The Downing Street Press Briefing Room is a room in 9 Downing Street, used by the prime minister of the United Kingdom and other senior government officials to hold press briefings and deliver ministerial broadcasts.

The room was constructed during the COVID-19 pandemic, and has been in use since 2021.

==History==
The first Ministerial broadcast was made by Prime Minister Anthony Eden on 27 April 1956, and broadcast on the BBC. Since then, press conferences at Downing Street have been held in many different locations, including outside the door of No. 10, and during the Cameron-Clegg coalition, in the rose garden. The state dining room in No. 10 has also been used as a temporary press briefing room in times of bad weather.

=== Dedicated briefing room ===
During the COVID-19 pandemic, the government, often accompanied by Chief Medical Officers and the Chief Scientific Adviser, began holding daily press briefings to inform the public of new guidelines and statistics, and to allow the media to ask questions. As a result of this new frequency, the government under Boris Johnson converted a room in 9 Downing Street into a permanent media room in order to hold "White House-style" televised media briefings.
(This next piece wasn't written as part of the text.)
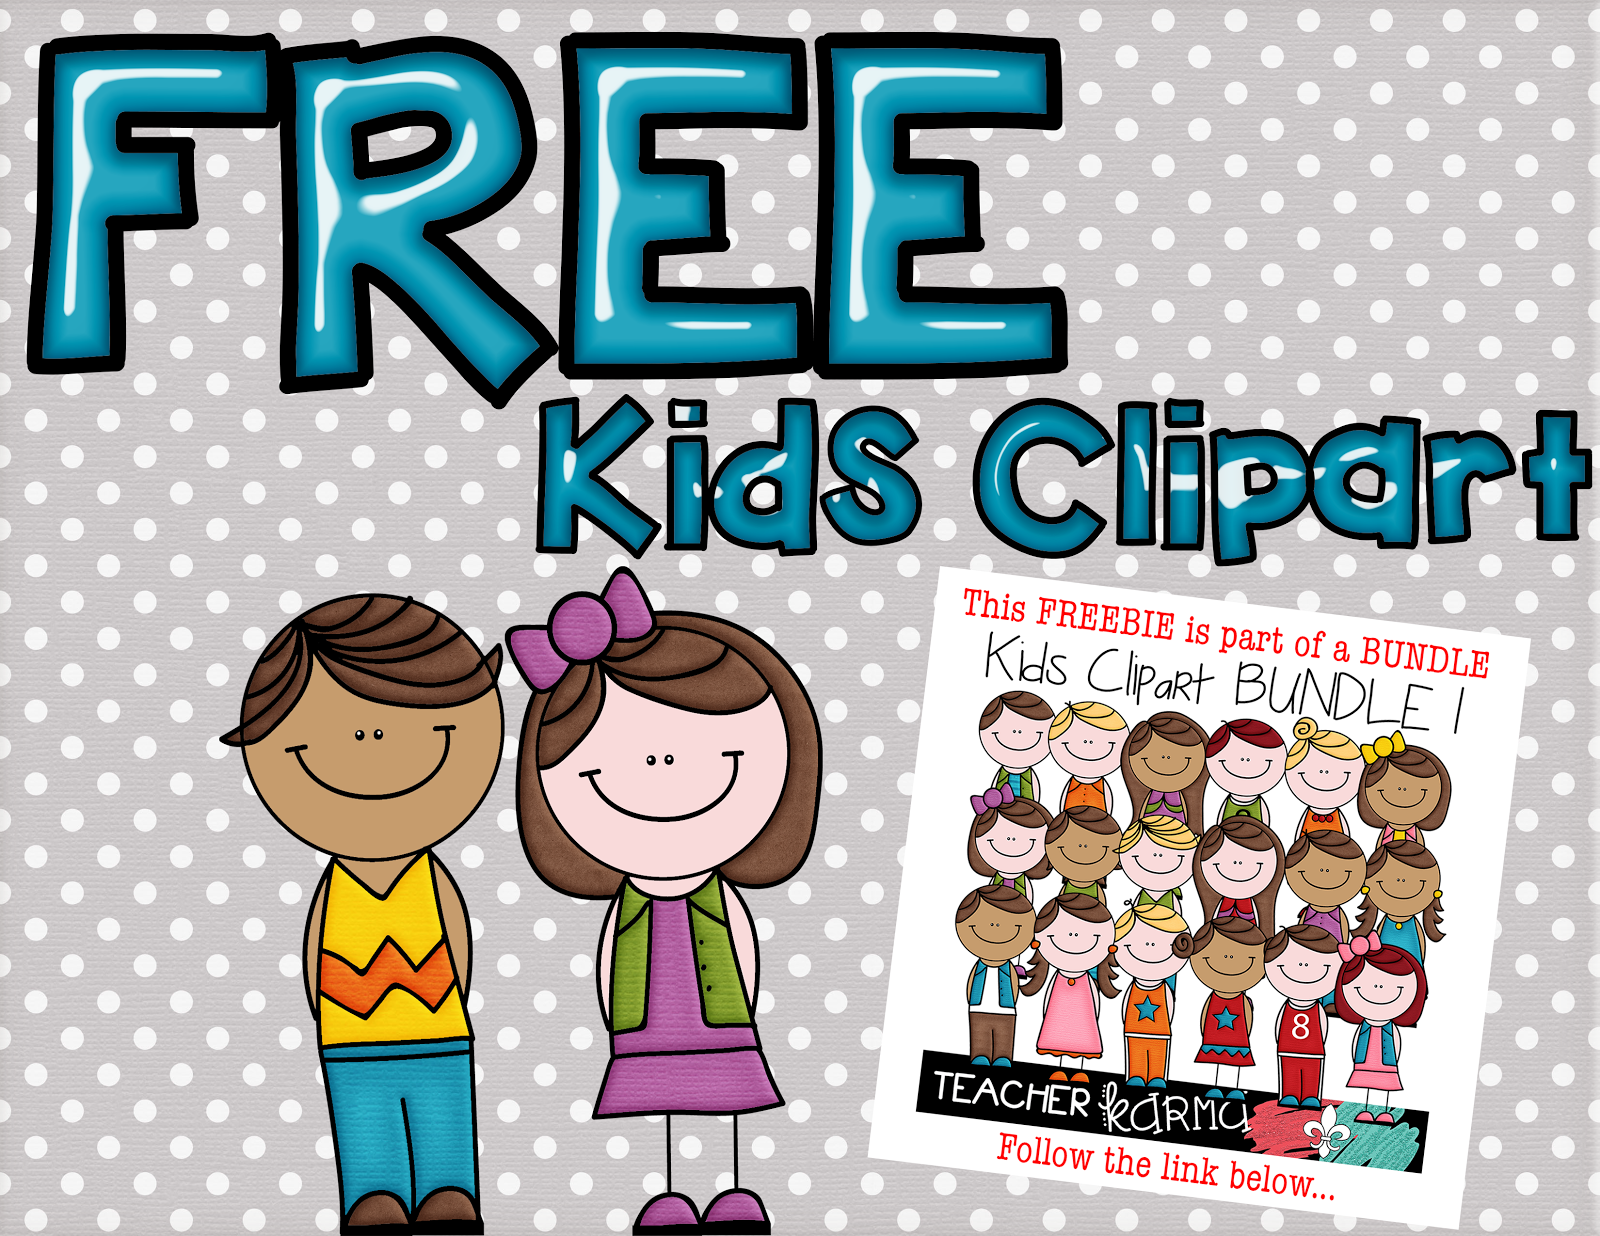 medium resolution of free clipart for teachers teacherkarma com student clipart free clipart for teachers
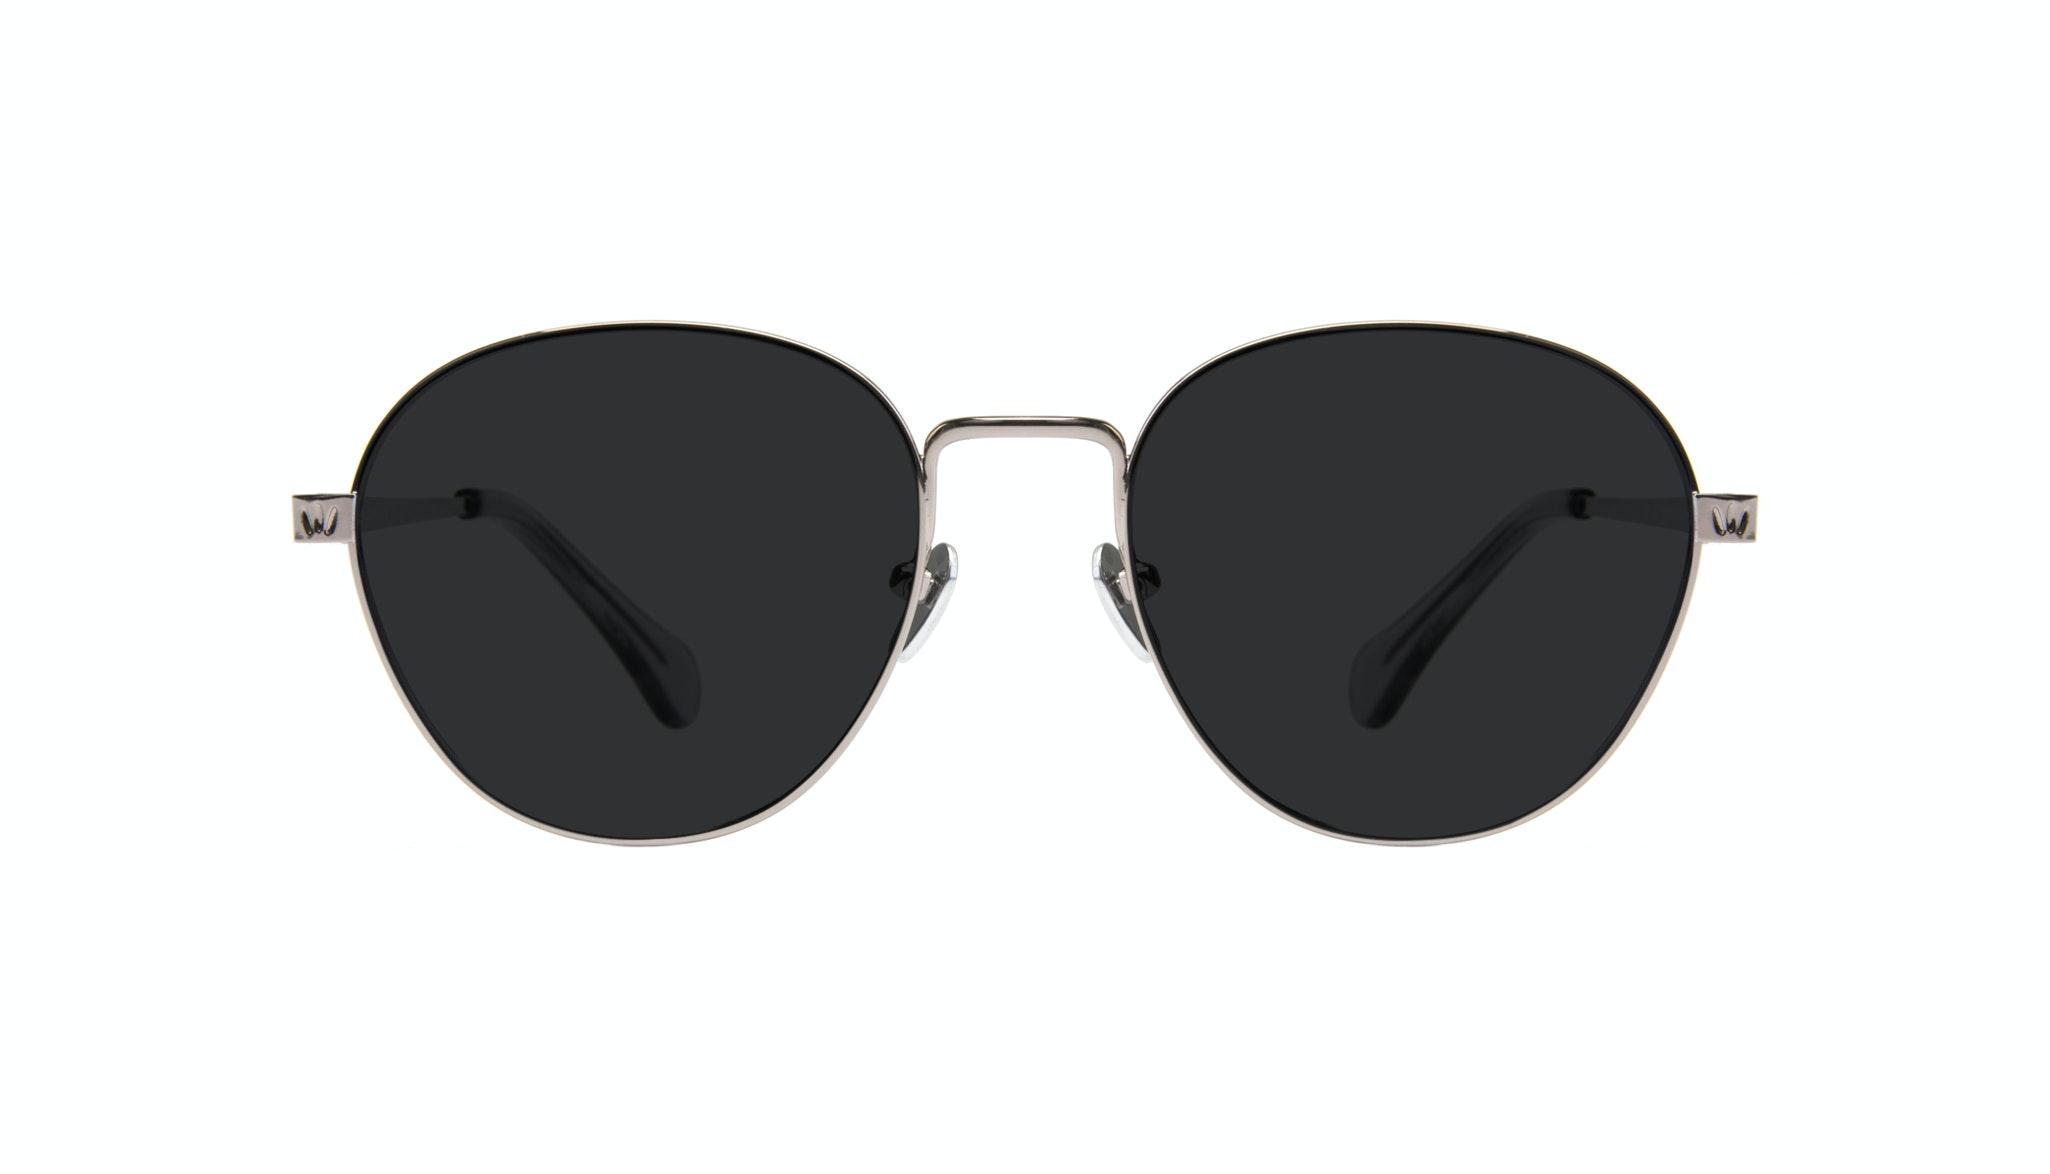 Affordable Fashion Glasses Round Eyeglasses Women Brace Silver

The total cost of the refit was over £2.6 million, with the main workings of the room costing £1.8 million, up to £200,000 of long lead items, and £30,000 of broadband equipment. The spending received widespread criticism from across the house, including from within the Conservative party, with Labour questioning the resource allocation during severe NHS pressure, and the Liberal Democrats branding it a "vanity project" for Johnson.

Russian-owned firm Megahertz, having previously performed work for state-controlled Russian broadcasters, installed computers, cameras, microphones, and a control desk. Despite assurances from the government about security measures, the involvement of Megahertz raised concerns among MPs and industry sources about the appropriateness and transparency of the contract award process. Labour and the chair of parliament’s cross-party group on Russia called for more transparency regarding the refurbishment.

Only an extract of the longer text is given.